目は霞んで見えず、耳もよく聞こえない状態に陥った。

 

もはや勘で試合をするしかなくなってしまったんだけど、

試合コートのラインを踏んで何回か場外に出てしまったら、

一本取られて負けになる。

 

それで彼は、俺に言った。

「たけっちゃん! たけっちゃんの声なら聞きとれると思うけえ、

ラインを踏みそうになったら教えてくれ!!」

 

その形相は、鬼気迫るものがあった。

たかが学生の大会でも、こいつは命がけなんだ!

と、俺はものすごく感動して、全身が震えた。

同時に、どうひっくり返っても俺が剣道でこいつに勝てることはねえ! と悟った。

それもあって、その後すぐに剣道をやめてしまった。

 

ちょっと話が逸れたが、そういう男だから、

頭はあんまりよろしくなかったけど(笑)、それなりの会社に就職できて、

仕事でも結果を出しつづけている。

 

で、先日そいつと一緒に飲んでいたときに、同席していた俺の知り合いが、

「どうやったら、そんなふうに結果を出せるんですか?」と尋ねたんだ。

 

そしたら彼は言ったよ。

「俺はいつもクビになる覚悟で仕事をしている。

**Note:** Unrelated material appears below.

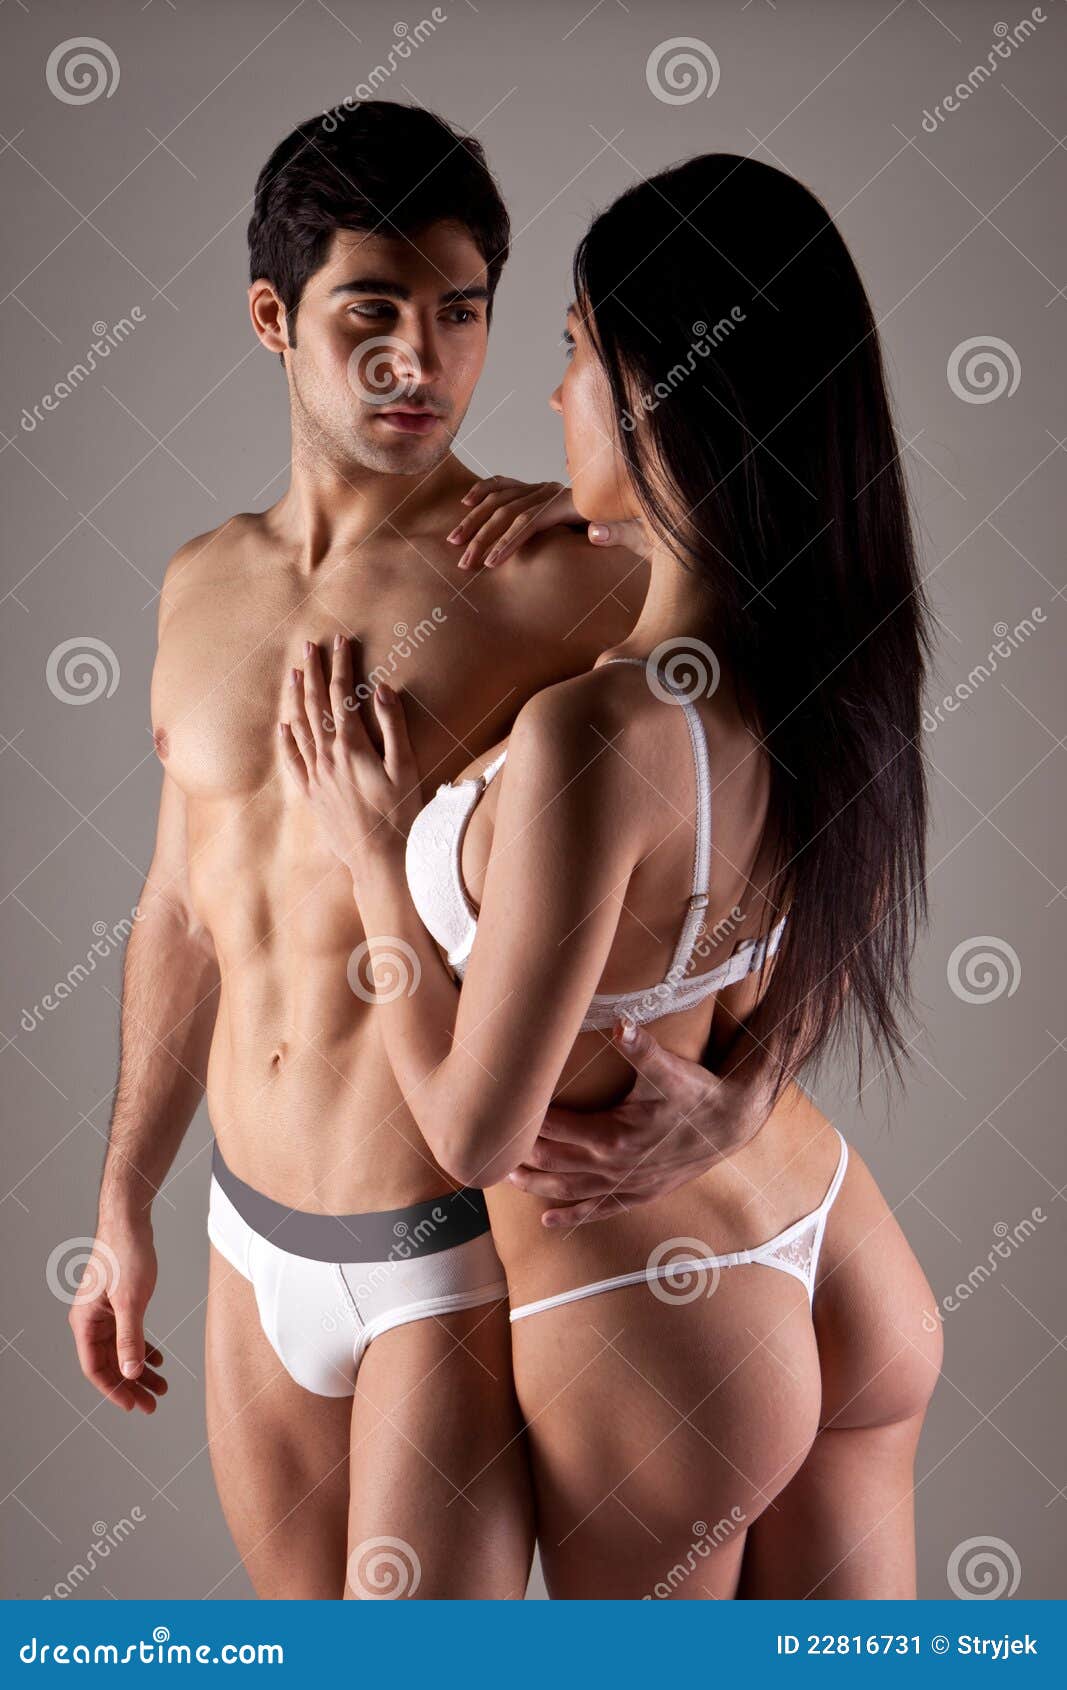 Passionate Couple in Underwear Stock Image - Image of feelings

それだけ」

 

どんな仕事でも、組織である以上、規則やルールがある。

最近はとくに、どこもコンプライアンスに関して異常なまでにうるさい。

そういう中で彼は、自分の経験と勘をたよりに、

「ここは勝負に出なあかん!」と思ったときには、規則もルールもぶち破る。

そうしないと、真の解決は得られないし、結果も出ないからだ。

 

そのときに何の覚悟がいるかといえば、

これで会社をクビになってもしゃあない、という覚悟でしかない。

つまりは、100か0かの勝負なのである。

 

こいつはやっぱりすげーな! と俺は思った。

 

たしかに彼は特殊な能力を持っているが、

特殊なだけに、つぶしが利くようなものではない。

組織にいるからこそ、能力を発揮できる。

それは、彼自身もよく分かっているのだが、

それでも、「クビになってもしゃあない」と覚悟を決められるのだ。

 

俺には、彼の言いたいことがよく分かった。

俺だって、組織には属していないけど、精神保健分野の仕事をする以上は、

行政や医療機関などのルールに、がんじがらめにされている。

テレビに顔を出している分、面白おかしく叩かれる可能性もある。

 

だから毎回、業務の大一番の前には、

「これで失敗したら、この仕事から足を洗うしかねーな」

と覚悟を決めている。

 

もちろんこれは、結果を出すためなら法律違反をしてもいいとか、

自分の利益のために、規則やルールをねじまげていい、と言っているのではない。

 

ただ、犠牲なくして得られるものなんて、ないんだよな……と、

幼なじみの言葉を聞いて、あらためて思ったのだ。

 

彼は、何度も勝負に出ては危ない橋を渡っているが、クビにはなっていない。

ということは、今のところ勝ち続けているってことだ。

その絶妙な勝負勘、バランス感覚は、おそらく

スポーツで嫌というほど「勝負」を経験してきたことにより、

培われたのではないかと、俺はふんでいる。

 

その彼が、俺に向かって言う。

「たけしくんこそ、子供の頃からホントに勝負強かったよなあ!」

 

そうなのだ!

俺は剣道をやめた代わりに、独自のやり方で勝負ばかりこいてきた。

それについて書きはじめるときりがないので、またの機会にするが、

実はこの、100か0かの勝負の経験を積むことは、

どんな生き方、どんな仕事をするにしても、必要じゃないかと思っている。

 

生きている間には絶対に、「ここは勝負に出なあかん!」という瞬間が、

幾度となく訪れるのだから。

 

全戦全勝というわけにはいかない、負けることもある。

でも、どこか勝負どころかの自覚もなく、場当たり的にその瞬間を迎えるのか、

やったるど! という意気込みで勝負に向かうのか。

それだけでも、大きな違いが出てくると思うんだな。